When we execute the same against "Polygon" chain, it runs without any issues.

Log ::::
Image description

Log shows that, "headtracker is missing" a block, due to which we face "RPC node is not reachable" and it is on & off and instable.

Head & Block logs for Polygon: https://notepad.pw/g50JXvp3RIn1PNfe2Tea

For XDC : https://notepad.pw/o7VtAjvuS4dFtN0YdLyd

You may see the difference in XDC Log, where the blocks are missing.

Note: We have tested the available RPC from "https://chainlist.org/" for Apothem & Mainnet and the results are same.

Let us know if you need some more informations to debug.

Kindly review and let us know the possible solutions.

Discussion (15)

Collapse
wjrjerome profile image
Blockchain Minions

Hi,

I believe I can provide some insights into the issue.

The problem stems from the configuration of the write buffer size inside the ethclient. In the new version of ethclient (available on GitHub at github.com/ethereum/go-ethereum/ethclient), the write buffer size is hardcoded to 1024 bytes. If the data being written exceeds this size, it will not function properly.

Conversely, the xdcpos version of ethclient (located at github.com/XinFinOrg/XDPoSChain/ethclient) uses an older version of ethclient that lacks this limitation on the write buffer size. Consequently, it works as expected.

You can view the relevant code at this link: github.com/ethereum/go-ethereum/bl...

It's important to note that this issue isn't the fault of the ethclient from go-ethereum. The root cause lies in our XDC node's handling of the WebSocket, which is somewhat outdated.

The latest ethclient is attempting to divide large payloads into smaller chunks, with each chunk having a maximum size of 1024 bytes. However, our XDC node lacks a mechanism to handle these chunked data. As a result, when the XDC node receives the first 1024 bytes, it attempts to decode them immediately, even though it's supposed to wait until all the chunks arrive. Because the data is chunked, decoding it prematurely will fail. This explains why you are encountering failed requests when the payload is larger.

To address this issue fundamentally, we are actively working on upgrading the entire WebSocket and its related RPC module in XDPoS.

In the meantime, as a temporary solution, I recommend keeping the batch size of 4 jobs when making requests.

Collapse
logeswaran profile image
Lokesh Author

Thank you so much for the detailed inputs!, this really helps

Collapse
11ppm profile image
11ppm

I am very grateful for your comment.

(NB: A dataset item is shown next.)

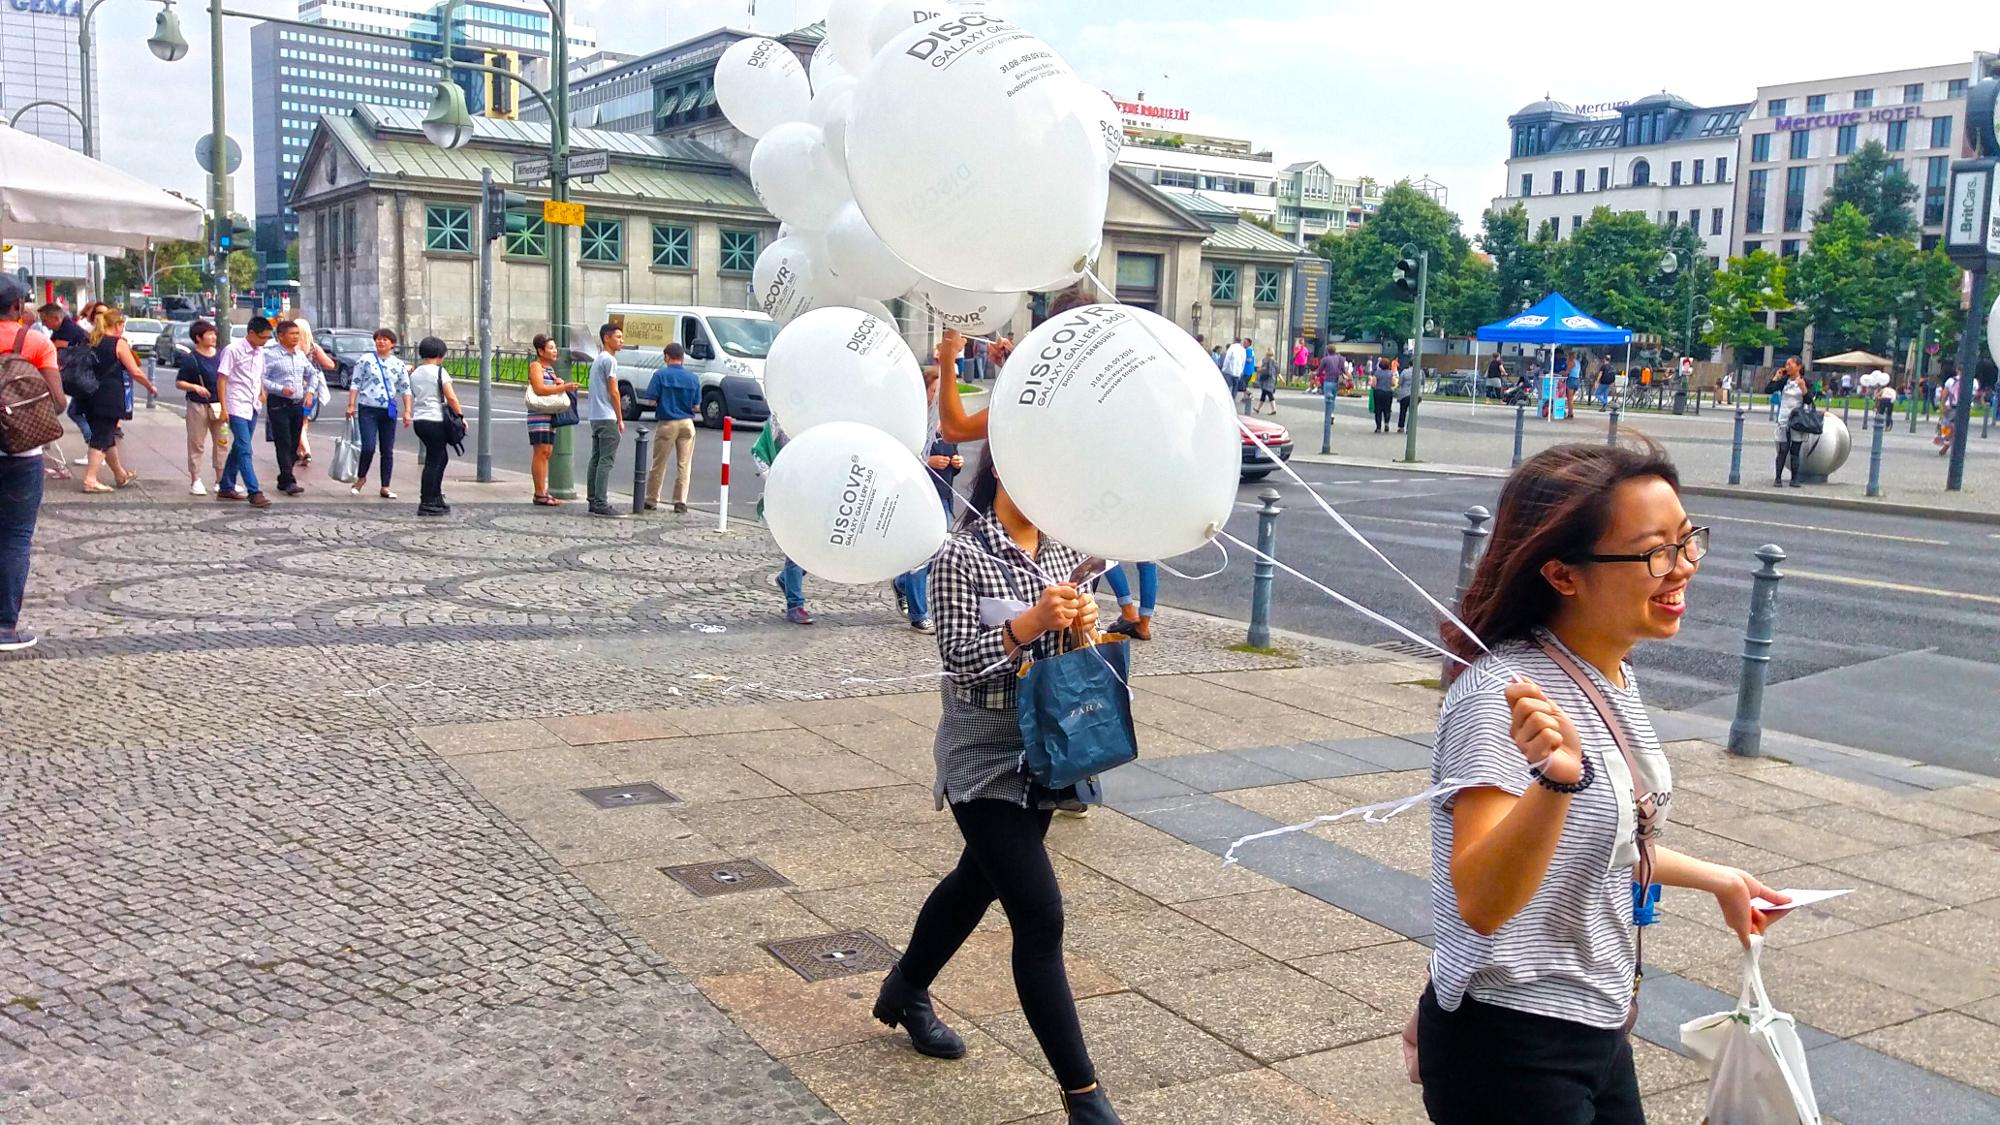 Promotion Idee - Werbung mit Luftballons
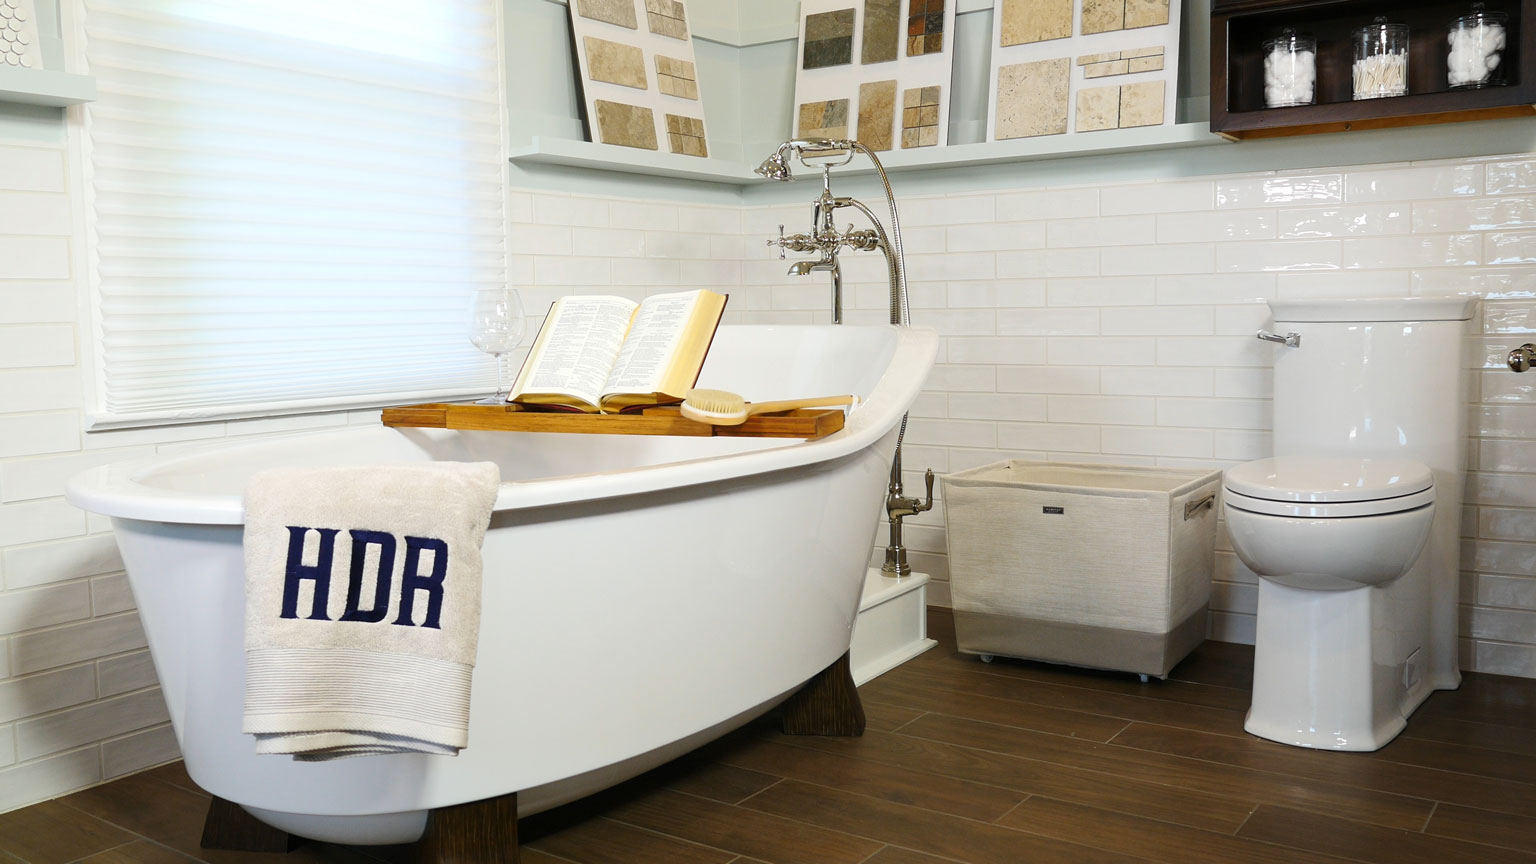 Gorgeous 25 bathroom showrooms virginia beach inspiration for Bathroom remodel virginia beach

And what I want to ask is, when XDCPos2.0 starts on the mainnet, will this issue be resolved? This is very important for decentralized oracles on the XDC Network. It is absolutely necessary in order to sufficiently run jobs. This is also the case for projects that require oracles on the XDC Network.

Collapse
wjrjerome profile image
Blockchain Minions • Edited on

We have merged the PR into master branch. it's currently undergo testing on our testnet.
PR: github.com/XinFinOrg/XDPoSChain/pu...

It will be fixed/working before v2 consensus is even enabled

Thread Thread
11ppm profile image
11ppm

Thank you for your response, and I also appreciate the daily development efforts of the XDC team. I'm really looking forward to the new V2 consensus.

Collapse
wanwiset25 profile image
Wanwiset Peerapatanapokin

Hi @logeswaran

Sorry for the delay. After spending way too much time checking the server side, I found an incompatibility in the client side. Would you mind to try using the ethclient from the XDC repo.

Instead of

"github.com/ethereum/go-ethereum"
"github.com/ethereum/go-ethereum/common"
"github.com/ethereum/go-ethereum/core/types"
"github.com/ethereum/go-ethereum/ethclient"

Please put
ethereum "github.com/XinFinOrg/XDPoSChain"
"github.com/XinFinOrg/XDPoSChain/common"
"github.com/XinFinOrg/XDPoSChain/core/types"
"github.com/XinFinOrg/XDPoSChain/ethclient"

Collapse
logeswaran profile image
Lokesh Author

Thank you @wanwiset25, it works fine(tested with sample repo). But we have nearly ~1300 files to be changed with this updates in the Plugin Core.

Do we have any other alternate fix to accomplish this?.

Collapse
wanwiset25 profile image
Wanwiset Peerapatanapokin

I'm still looking further regarding the root cause of this. It is strange because I found it to be a websocket message size issue on the server side.

Thread Thread
logeswaran profile image
Lokesh Author

sure, please update when you find the root cause..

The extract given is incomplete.